> DATA
· · · · · · ·

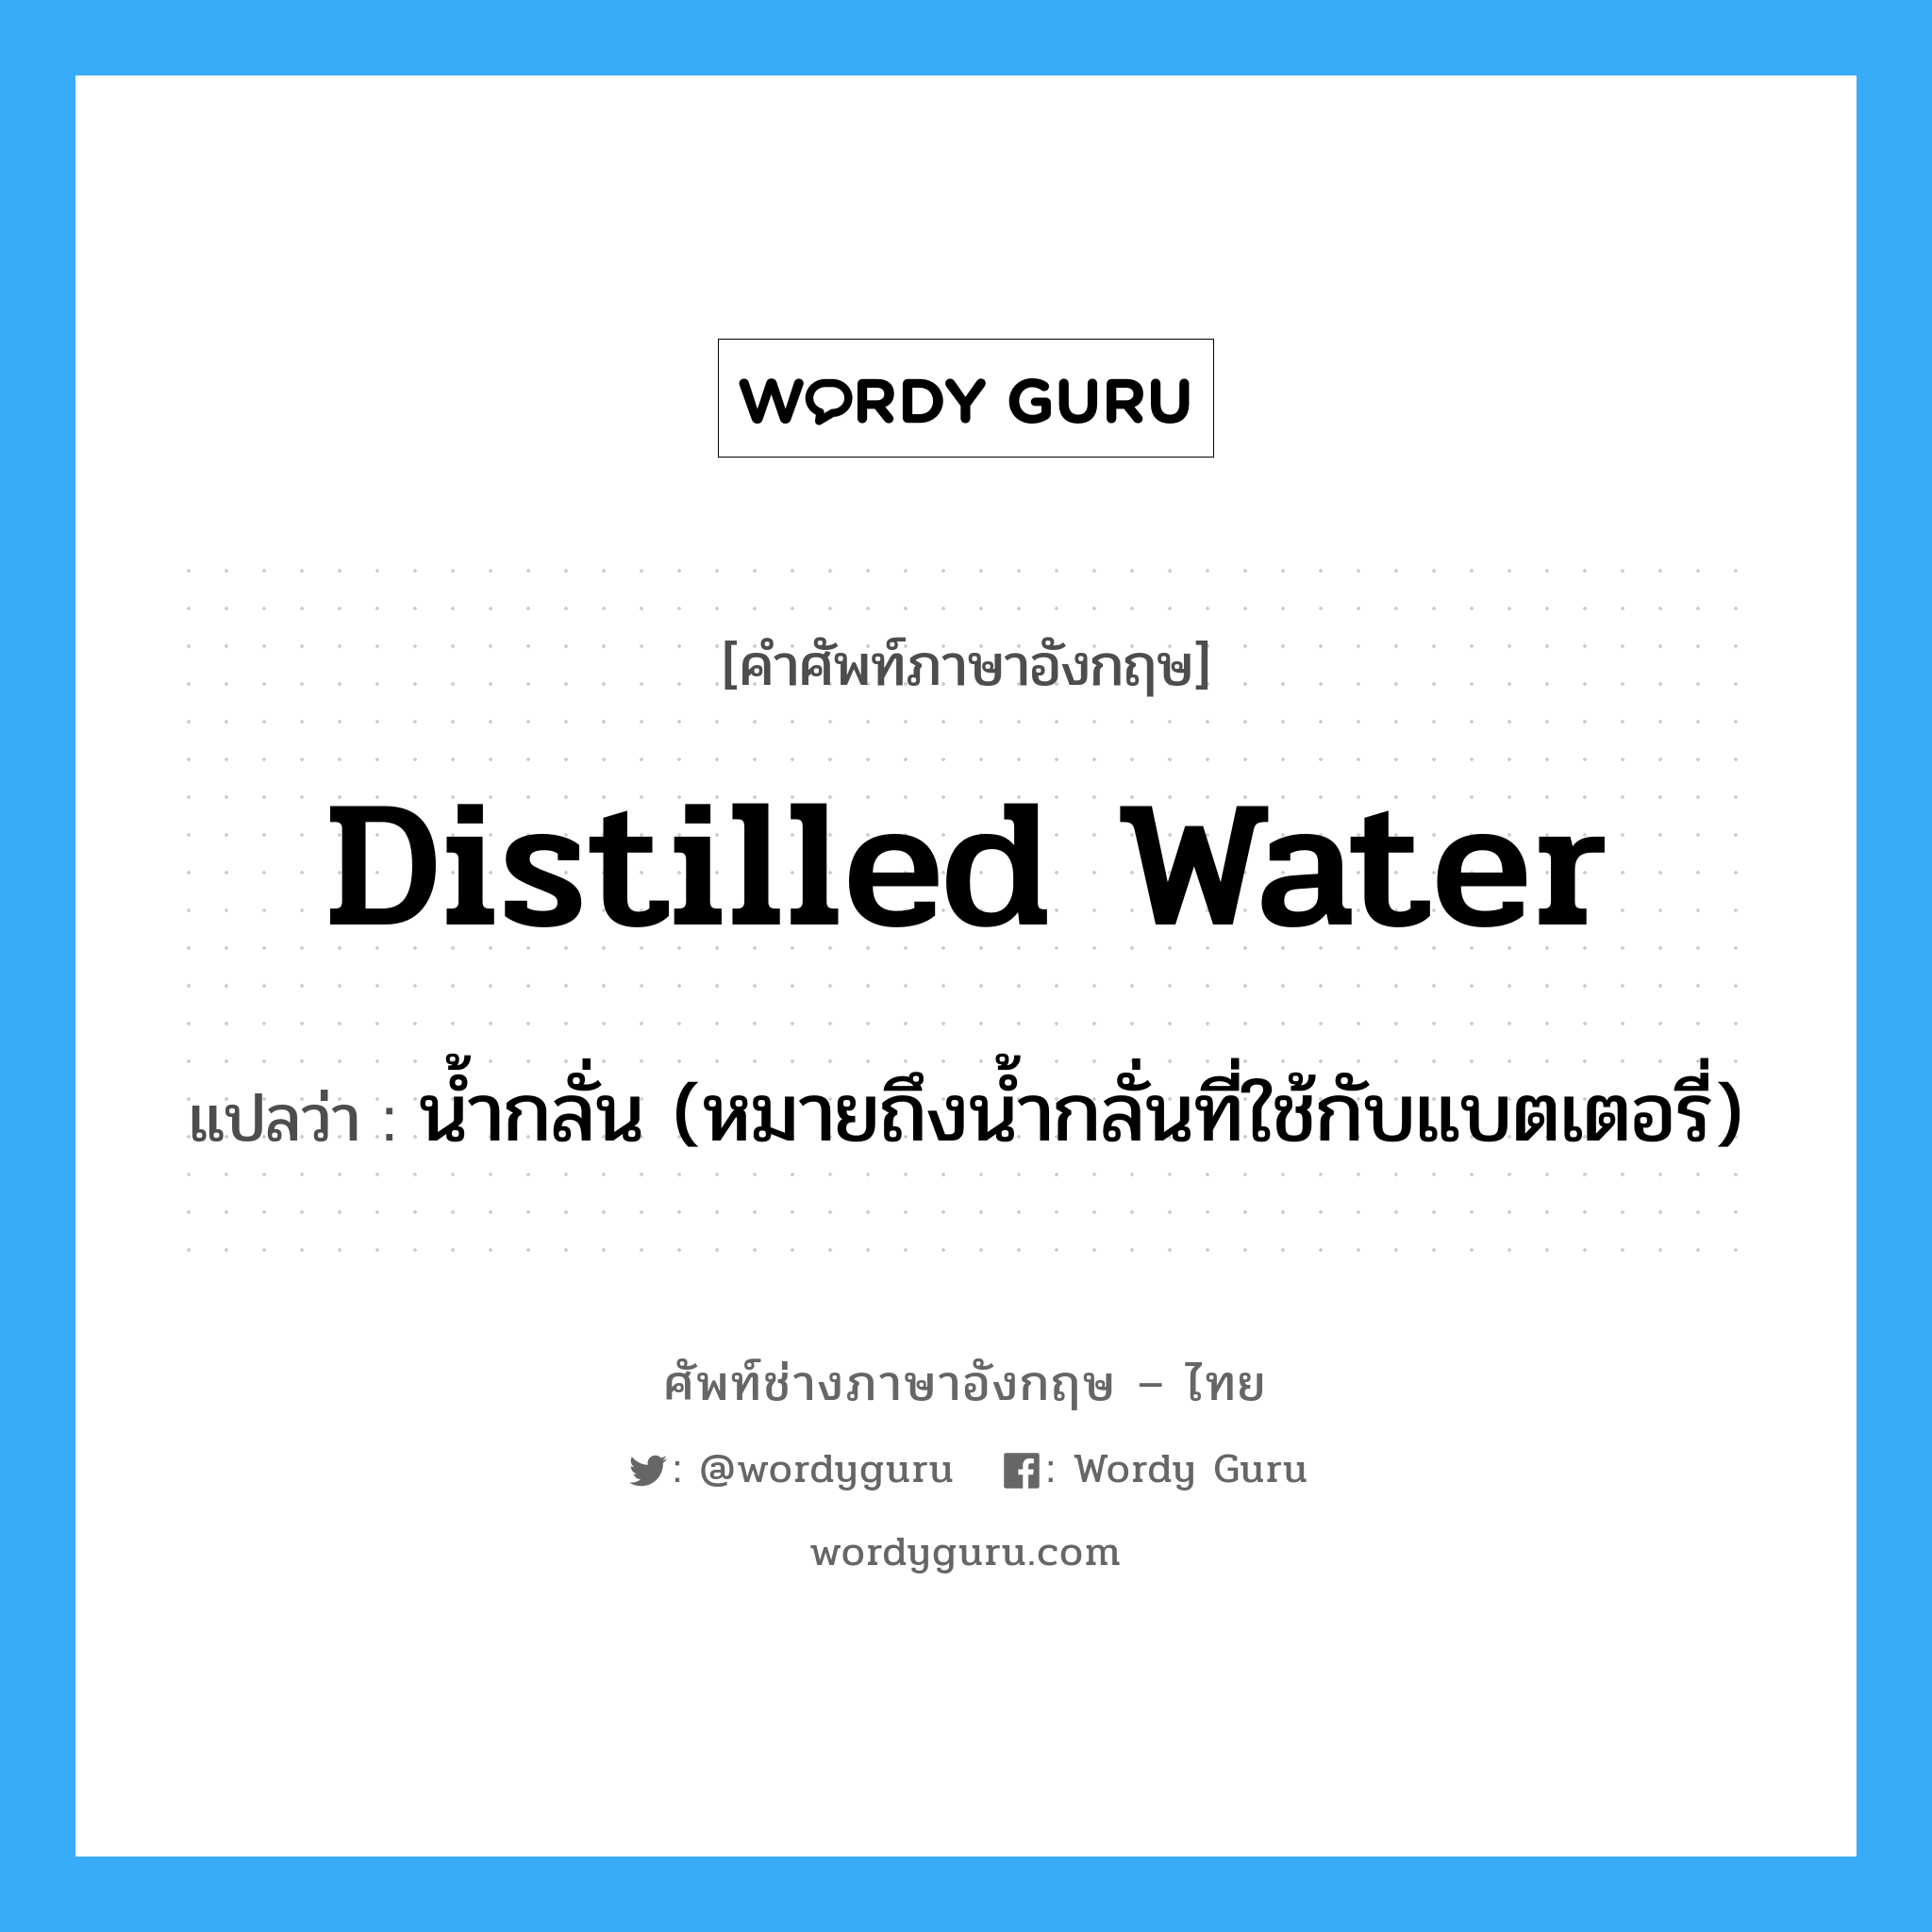 น้ำกลั่น (หมายถึงน้ำกลั่นที่ใช้กับแบตเตอรี่) ภาษาอังกฤษ?, คำศัพท์ช่างภาษาอังกฤษ - ไทย น้ำกลั่น (หมายถึงน้ำกลั่นที่ใช้กับแบตเตอรี่) คำศัพท์ภาษาอังกฤษ น้ำกลั่น (หมายถึงน้ำกลั่นที่ใช้กับแบตเตอรี่) แปลว่า distilled water
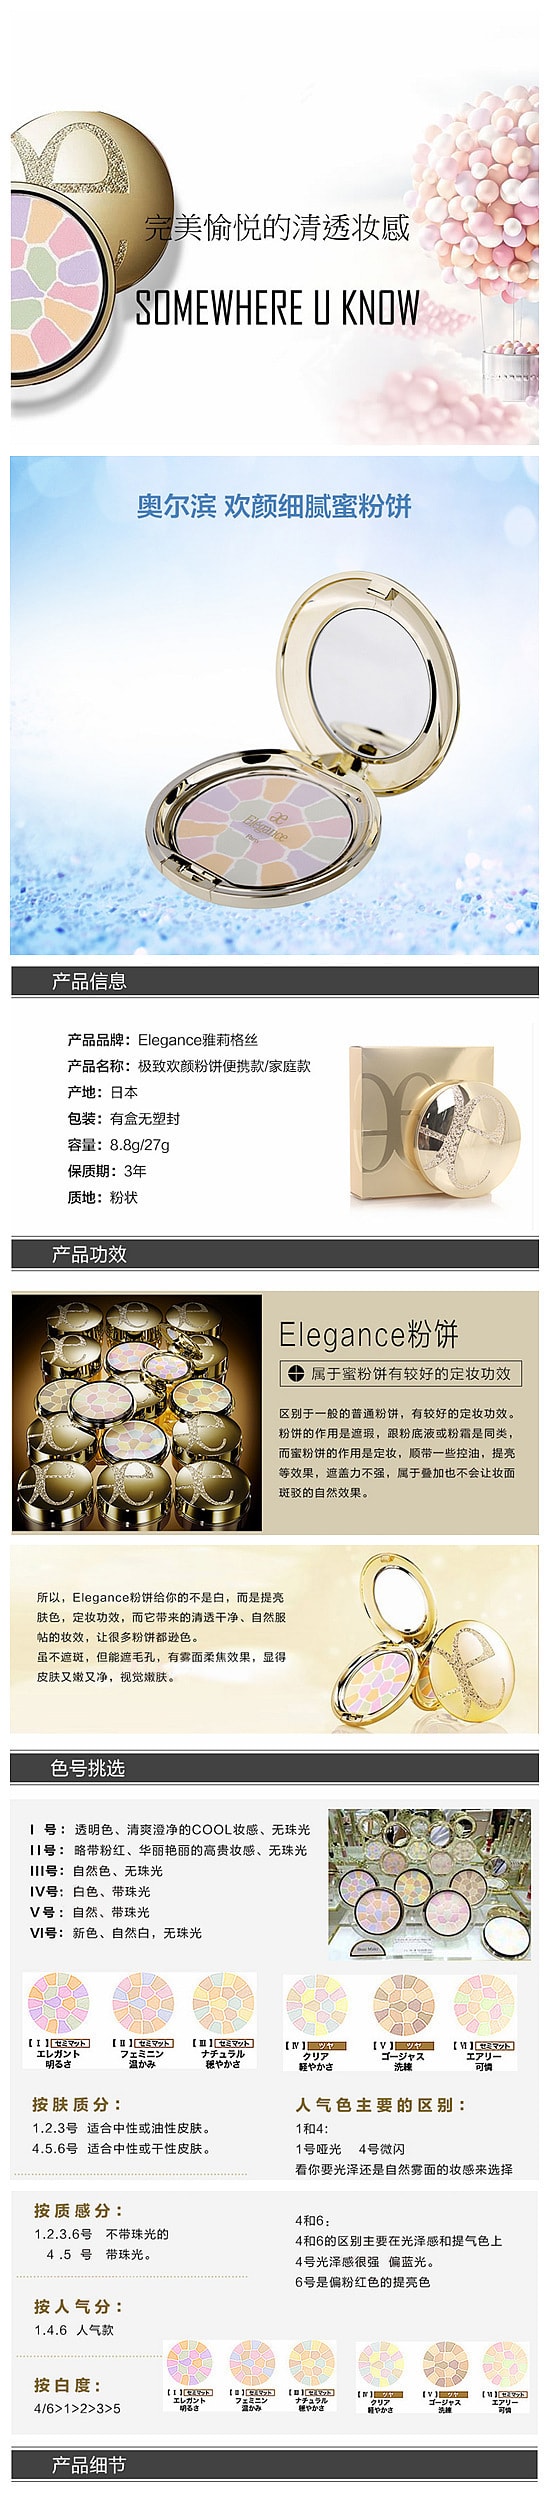 【日本DHL直效郵件】ELEGANCE 極致歡顏蜜粉餅 #6號 E大餅 8.8g COSME大賞受賞
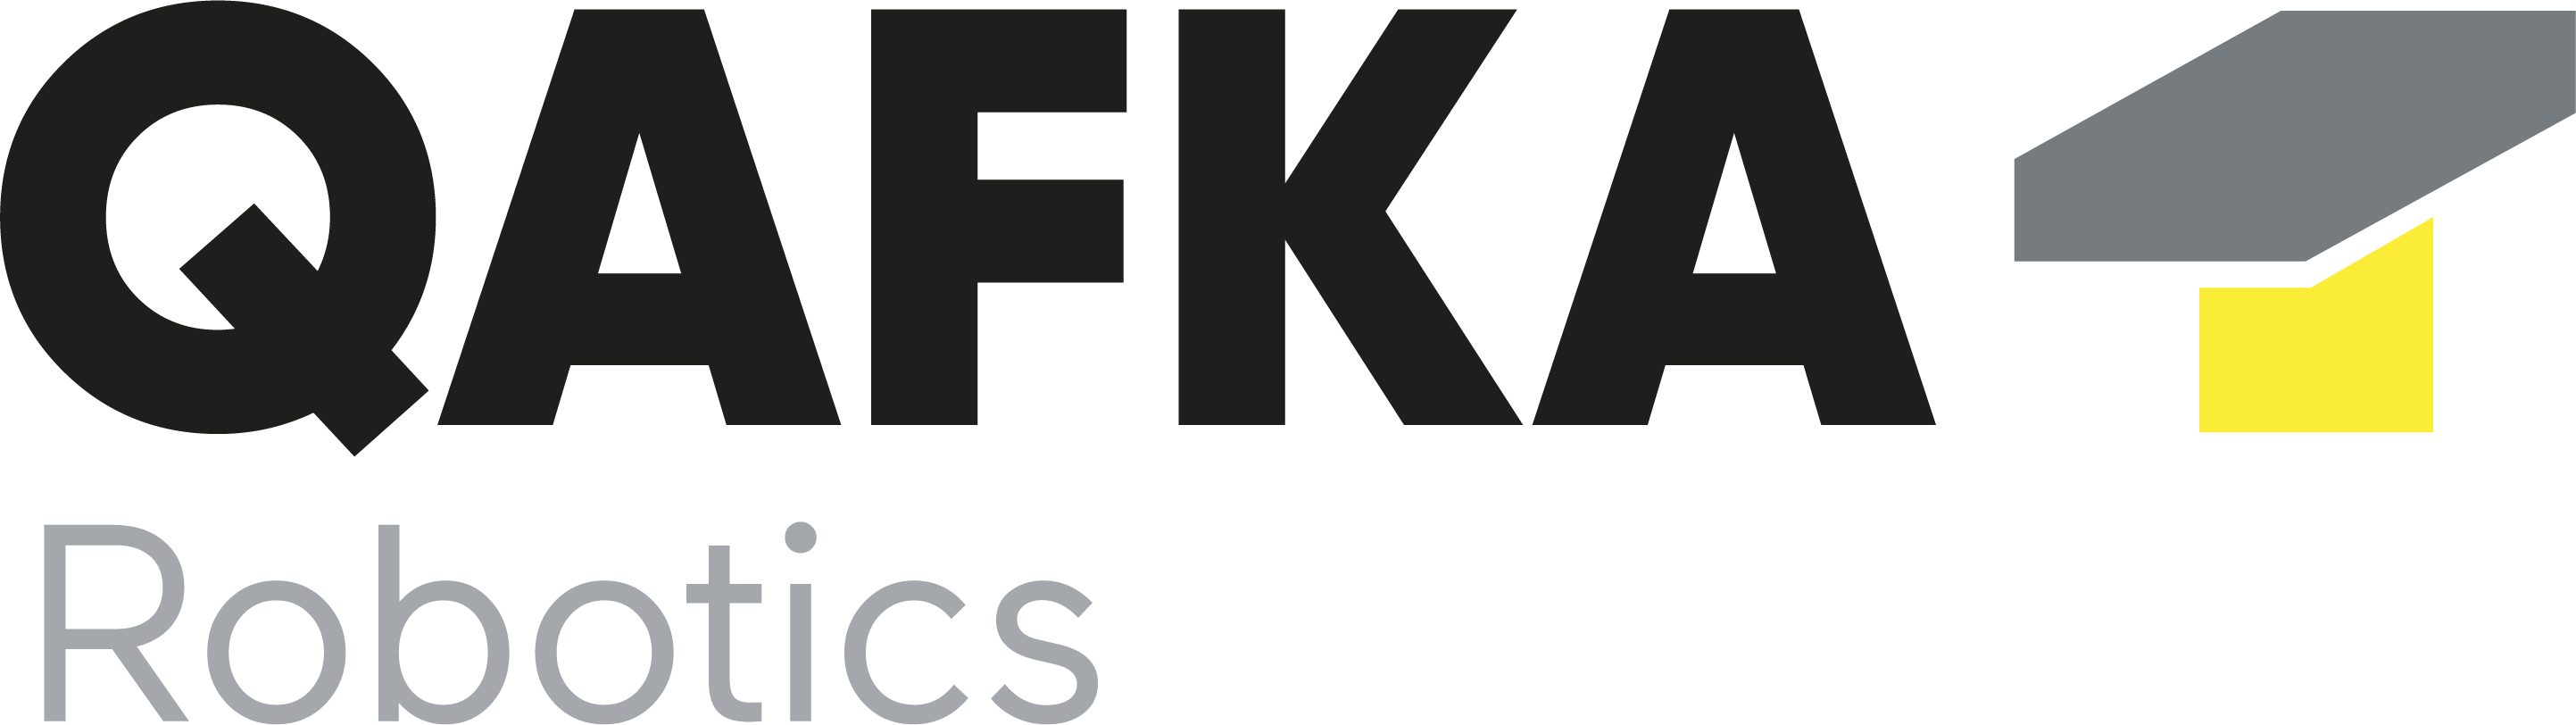 Qafka Robotics Logo

· · · · · · ·

> WORK INSTRUCTIONS
A word-for-word restatement of all the lines above is needed, with the pictures omitted.

> RESPONSE BOX
 น้ำกลั่น (หมายถึงน้ำกลั่นที่ใช้กับแบตเตอรี่) ภาษาอังกฤษ?, คำศัพท์ช่างภาษาอังกฤษ - ไทย น้ำกลั่น (หมายถึงน้ำกลั่นที่ใช้กับแบตเตอรี่) คำศัพท์ภาษาอังกฤษ น้ำกลั่น (หมายถึงน้ำกลั่นที่ใช้กับแบตเตอรี่) แปลว่า distilled water
 【日本DHL直效郵件】ELEGANCE 極致歡顏蜜粉餅 #6號 E大餅 8.8g COSME大賞受賞
 Qafka Robotics Logo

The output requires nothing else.